<rdar://problem/39734040>

Created attachment 339328 [details] Patch

Comment on attachment 339328 [details] Patch View in context: https://bugs.webkit.org/attachment.cgi?id=339328&action=review > Source/WebCore/html/HTMLInputElement.cpp:130 > - , m_inputType(createdByParser ? nullptr : InputType::createText(*this)) > + , m_inputType(createdByParser ? RefPtr<InputType>() : InputType::createText(*this)) We can't use nullptr here!? Alternatively, you can just assign in the constructor body instead.

(In reply to Ryosuke Niwa from comment #3) > Comment on attachment 339328 [details] > Patch > > View in context: > https://bugs.webkit.org/attachment.cgi?id=339328&action=review > > > Source/WebCore/html/HTMLInputElement.cpp:130 > > - , m_inputType(createdByParser ? nullptr : InputType::createText(*this)) > > + , m_inputType(createdByParser ? RefPtr<InputType>() : InputType::createText(*this)) > > We can't use nullptr here!? > Alternatively, you can just assign in the constructor body instead. Yeah -- the type difference between nullptr_t and RefPtr<InputType> makes the compiler angry. I'll do the assignment in the constructor body as you suggest.

Committed r231291: <https://trac.webkit.org/changeset/231291>

I’m really concerned about the safety of this change. While it makes it safer to access an InputType by extending the lifetime of the InputType itself as needed when someone uses a RefPtr for the InputType object, in those same cases, the reference back from the InputType to the HTMLInputElement is no longer safe. That reference can now point to a deallocated HTMLInputElement, and will in the very same cases that where the InputType object would have been deallocated before. Specifically this comment is now false: // Raw pointer because the HTMLInputElement object owns this InputType object. HTMLInputElement& m_element; HTMLInputElement is no longer the sole owner of the InputType object. Anywhere we hold a "temporary reference" to an InputType is still unsafe if that InputType makes any use of m_element, unless the code also holds a "temporary reference" to the input element as well.

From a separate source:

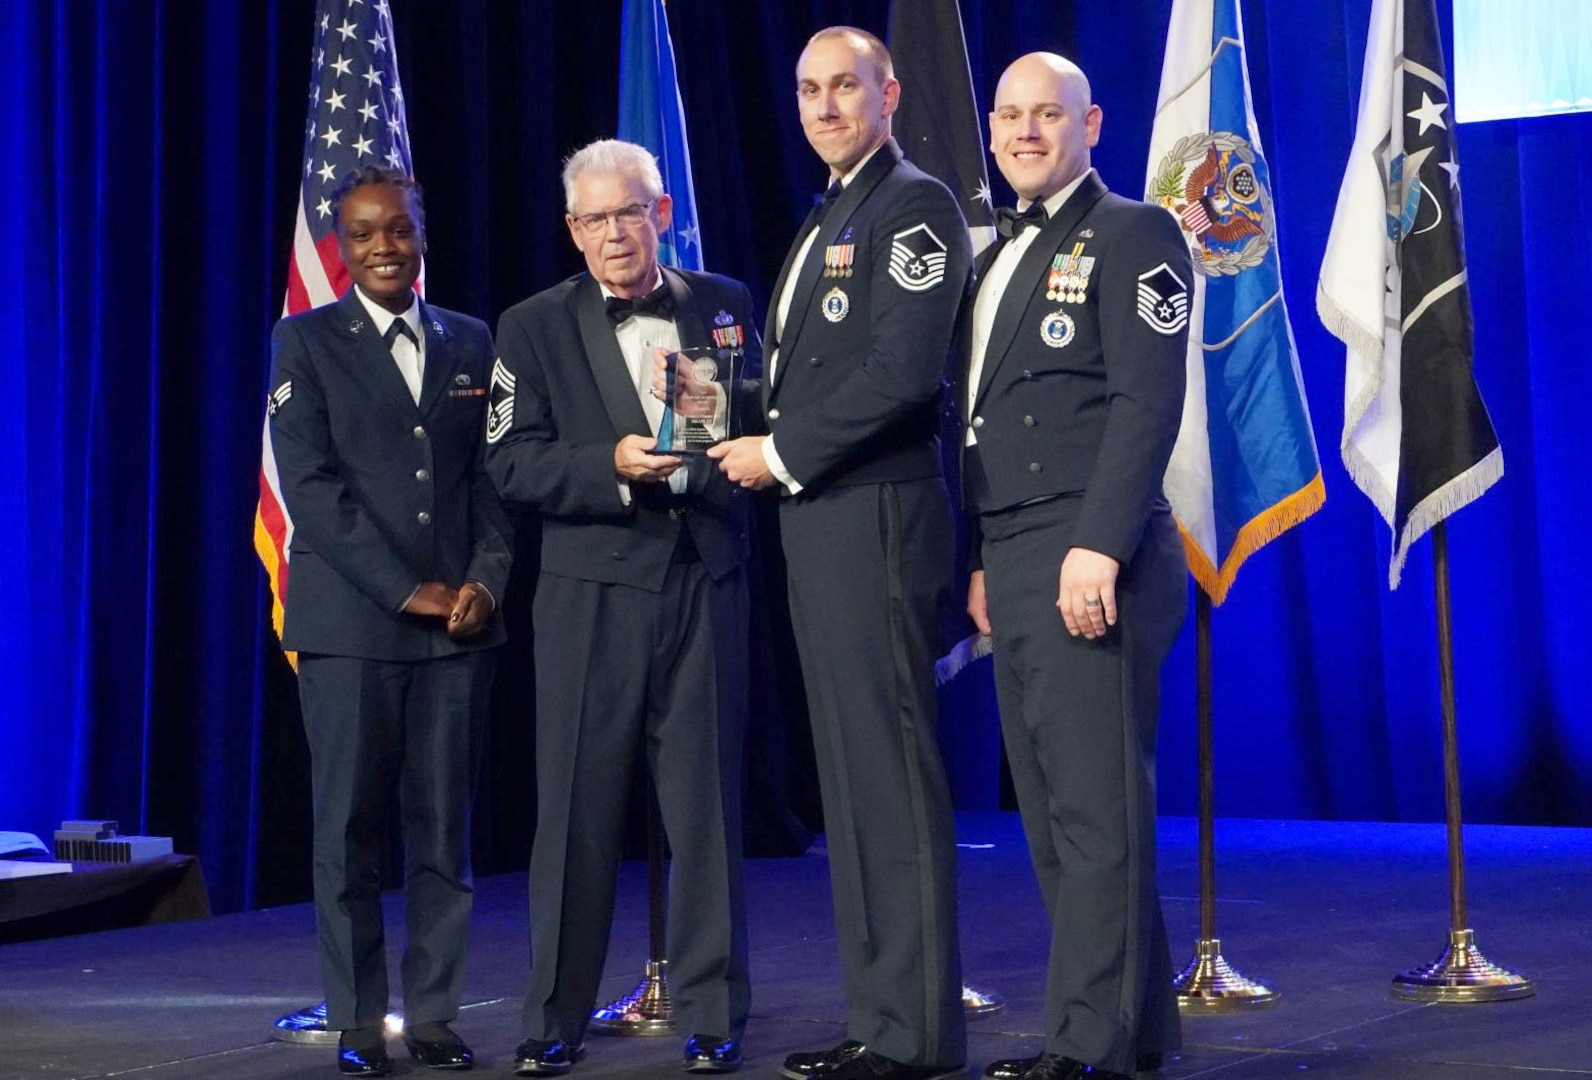 Master Sgt. James Zwiebel, of the 348th Recruiting Squadron officer accessions flight, receives the Air Force Sergeants Association’s Award of Excellence at the at association’s Professional Education and Development Symposium July 2021 in Orlando, Florida.

(In reply to Darin Adler from comment #6) > I’m really concerned about the safety of this change. While it makes it > safer to access an InputType by extending the lifetime of the InputType > itself as needed when someone uses a RefPtr for the InputType object, in > those same cases, the reference back from the InputType to the > HTMLInputElement is no longer safe. That reference can now point to a > deallocated HTMLInputElement, and will in the very same cases that where the > InputType object would have been deallocated before. > > Specifically this comment is now false: > > // Raw pointer because the HTMLInputElement object owns this InputType > object. > HTMLInputElement& m_element; > > HTMLInputElement is no longer the sole owner of the InputType object. > > Anywhere we hold a "temporary reference" to an InputType is still unsafe if > that InputType makes any use of m_element, unless the code also holds a > "temporary reference" to the input element as well. That's a good point. This should probably be a WeakPtr to avoid the situation you describe. Could you file a Bugzilla to do that?

(In reply to Brent Fulgham from comment #7) > (In reply to Darin Adler from comment #6) > > I’m really concerned about the safety of this change. While it makes it > > safer to access an InputType by extending the lifetime of the InputType > > itself as needed when someone uses a RefPtr for the InputType object, in > > those same cases, the reference back from the InputType to the > > HTMLInputElement is no longer safe. That reference can now point to a > > deallocated HTMLInputElement, and will in the very same cases that where the > > InputType object would have been deallocated before. > > > > Specifically this comment is now false: > > > > // Raw pointer because the HTMLInputElement object owns this InputType > > object. > > HTMLInputElement& m_element; > > > > HTMLInputElement is no longer the sole owner of the InputType object. > > > > Anywhere we hold a "temporary reference" to an InputType is still unsafe if > > that InputType makes any use of m_element, unless the code also holds a > > "temporary reference" to the input element as well. > > That's a good point. This should probably be a WeakPtr to avoid the > situation you describe. Could you file a Bugzilla to do that? If you're going to change that to use WeakPtr. Please be sure to perf-test it prior to landing. I'd expect it to be a Speedometer regression.

(In reply to Brent Fulgham from comment #7) > Could you file a Bugzilla to do that? I’m not sure why you’re asking me to file the bug.

(In reply to Darin Adler from comment #9) > (In reply to Brent Fulgham from comment #7) > > Could you file a Bugzilla to do that? > > I’m not sure why you’re asking me to file the bug. I filed it (Bug 186096). Maybe you can take a look when you get a chance. I'm still validating to see if I broke anything with that change, and I'll need to run perf tests before completing the work, but I'd appreciate your input on the direction of the change.